■ **DATA EXCERPT**:
#####

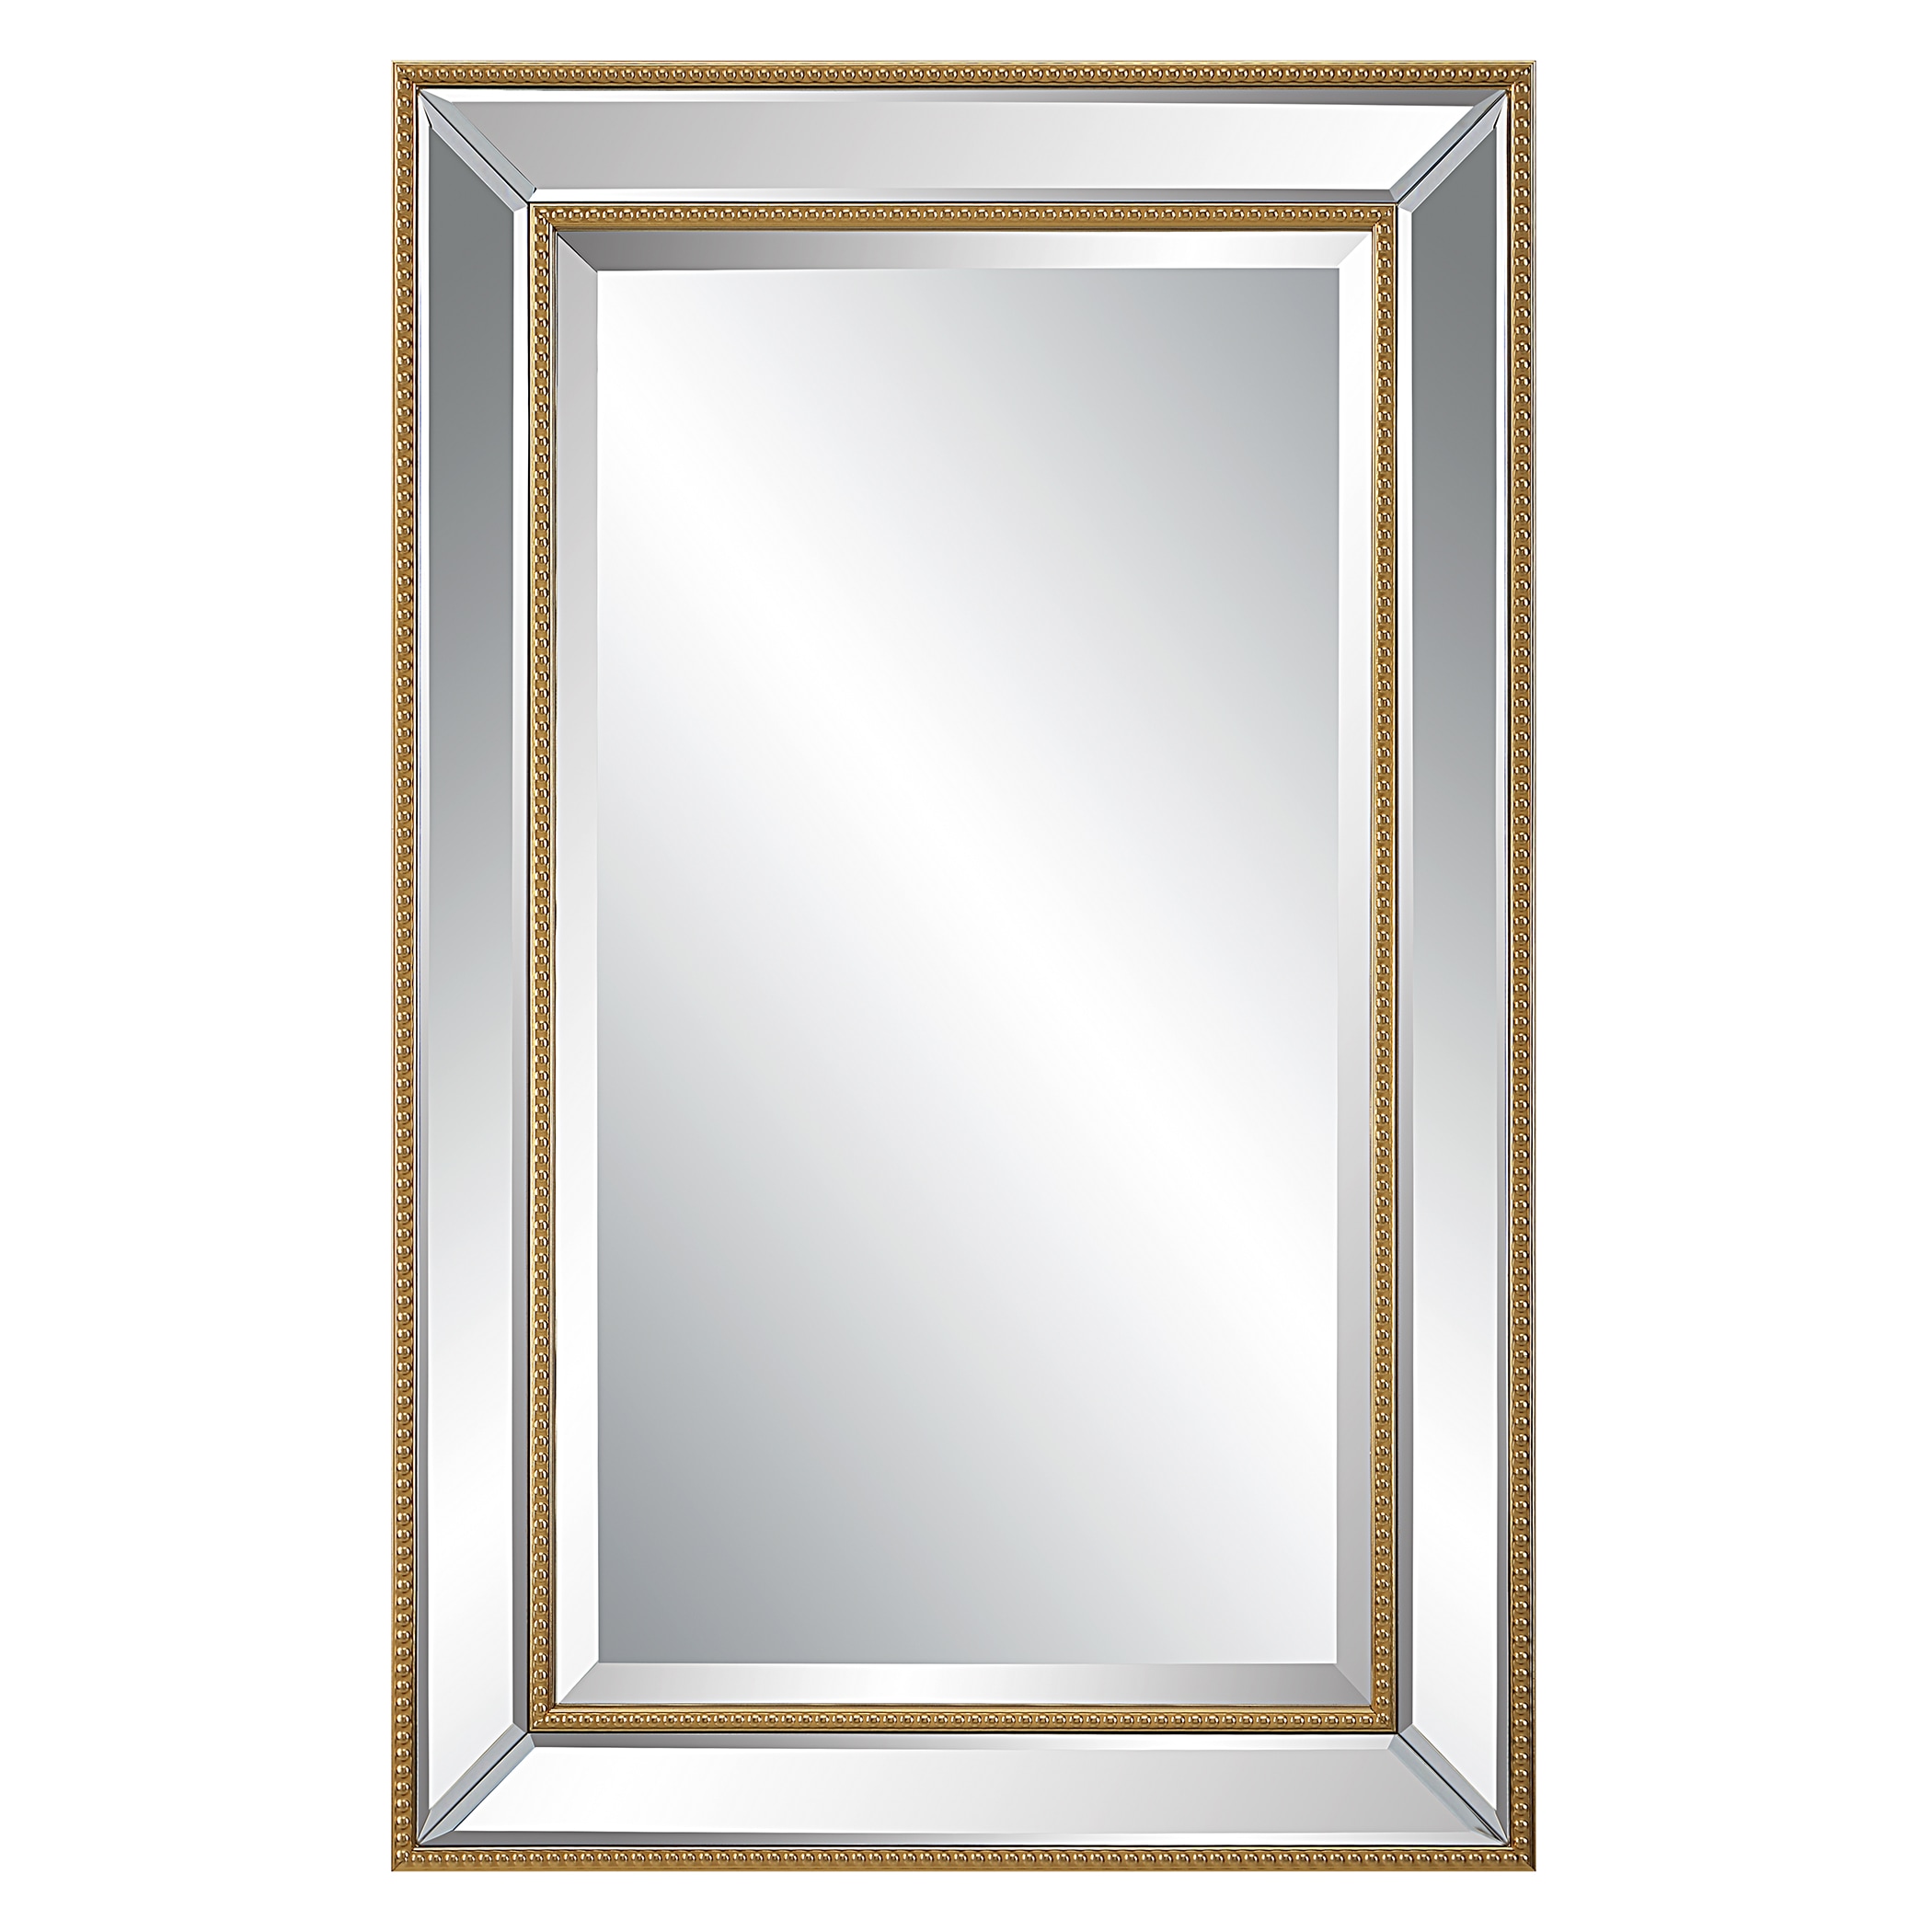 White Carved Exclusive Mirror Frames, Size/Dimension: 2.5 Feet at
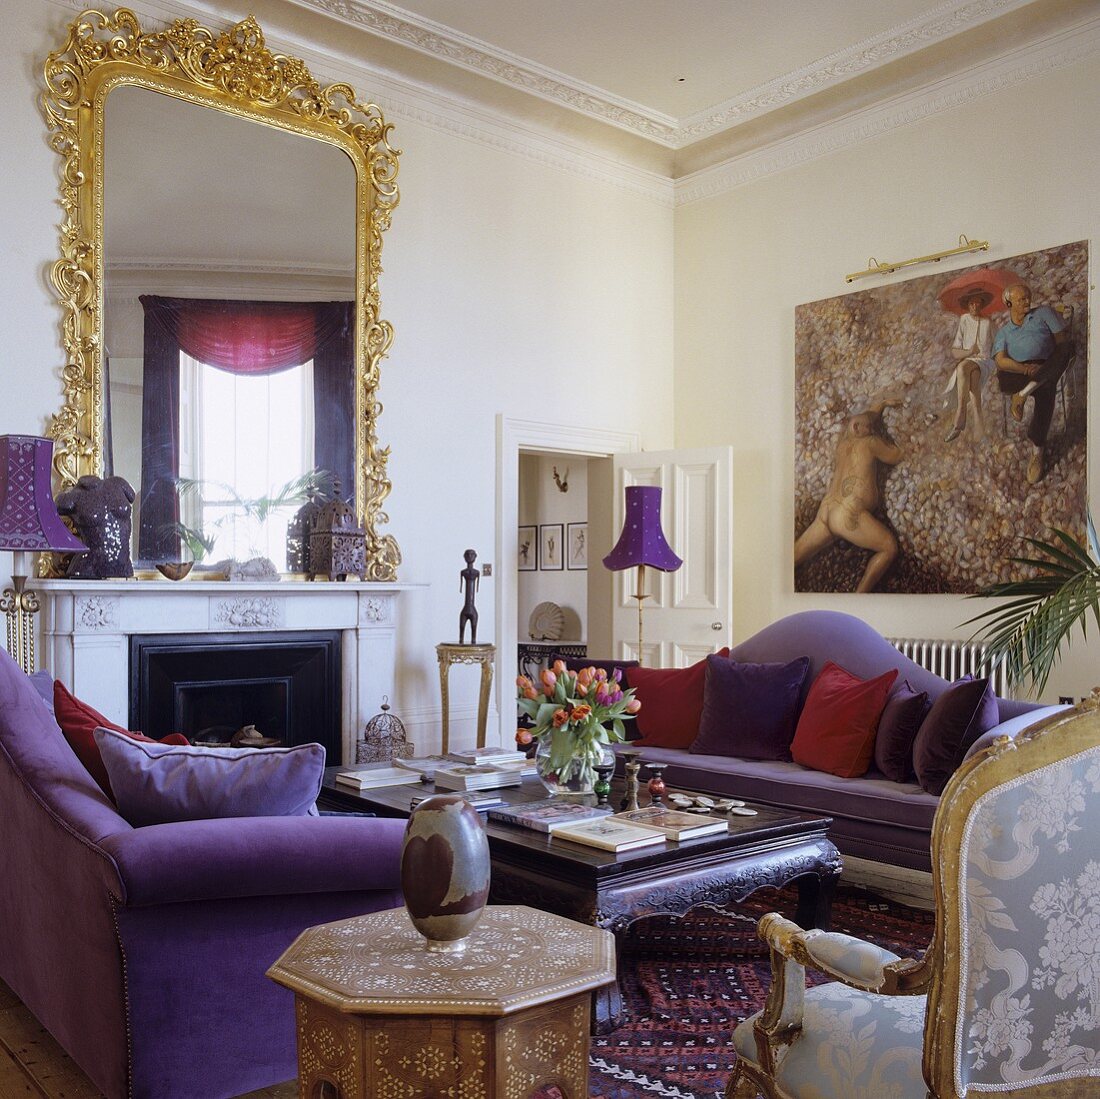 A luxury apartment with purple sofas in front of a fireplace with a Rococo mirror
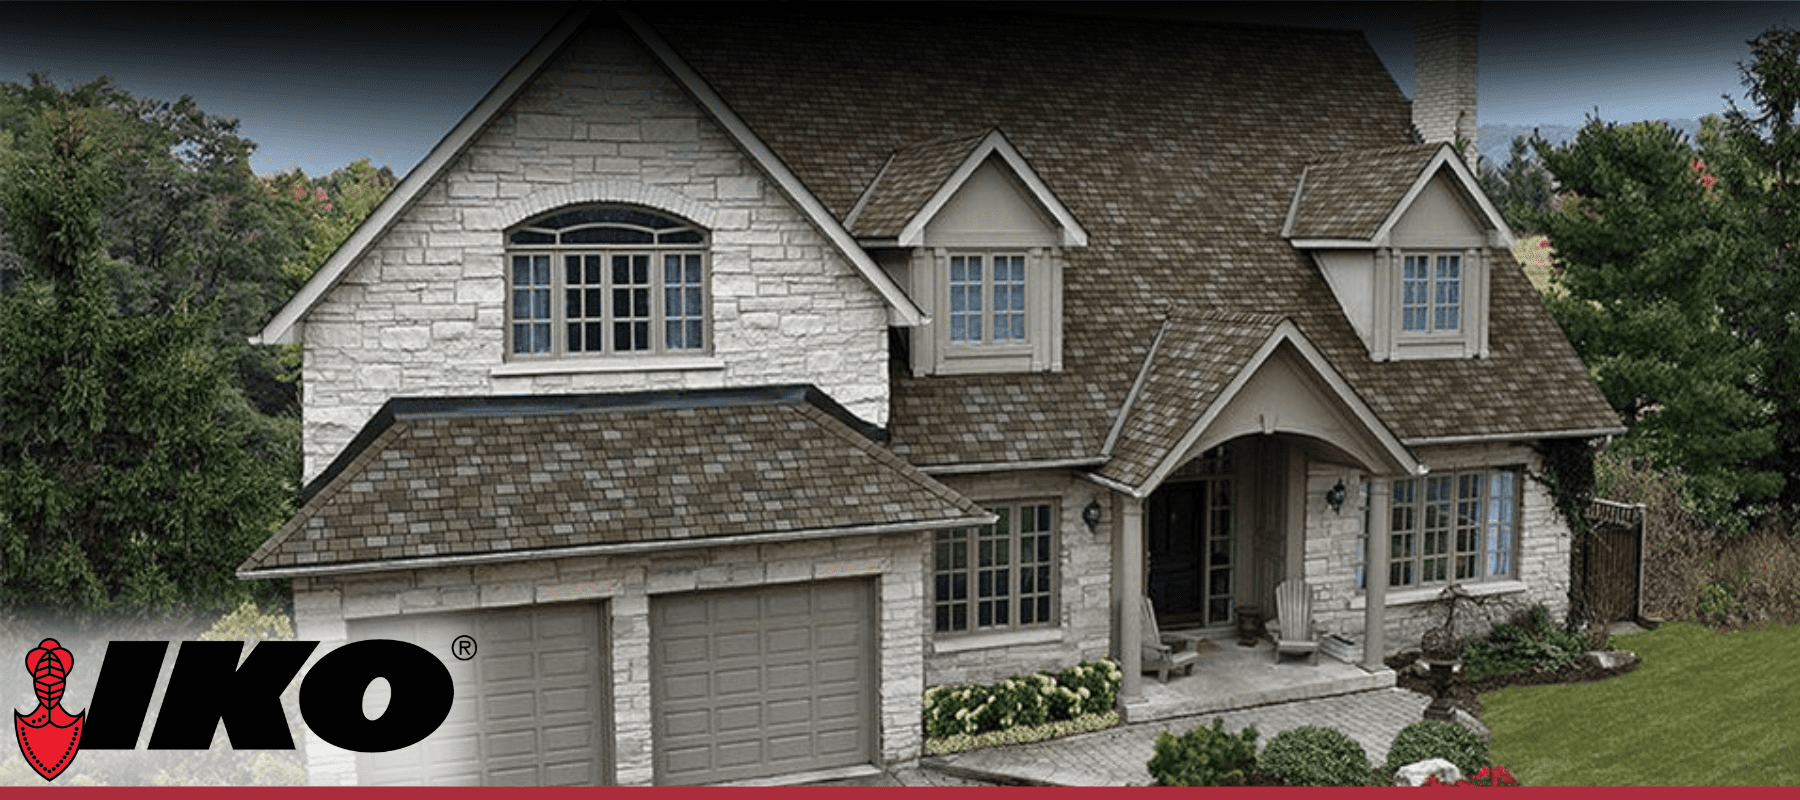 IKO Roofing and Shingles Available at Gilford Home Center

#####

■ **DIRECTIONS FOR THIS TASK**: The whole listing above, word for word: repeat it with the pictures excluded.

■ **EXPECTED OUTPUT**:
 White Carved Exclusive Mirror Frames, Size/Dimension: 2.5 Feet at
 A luxury apartment with purple sofas in front of a fireplace with a Rococo mirror
 IKO Roofing and Shingles Available at Gilford Home Center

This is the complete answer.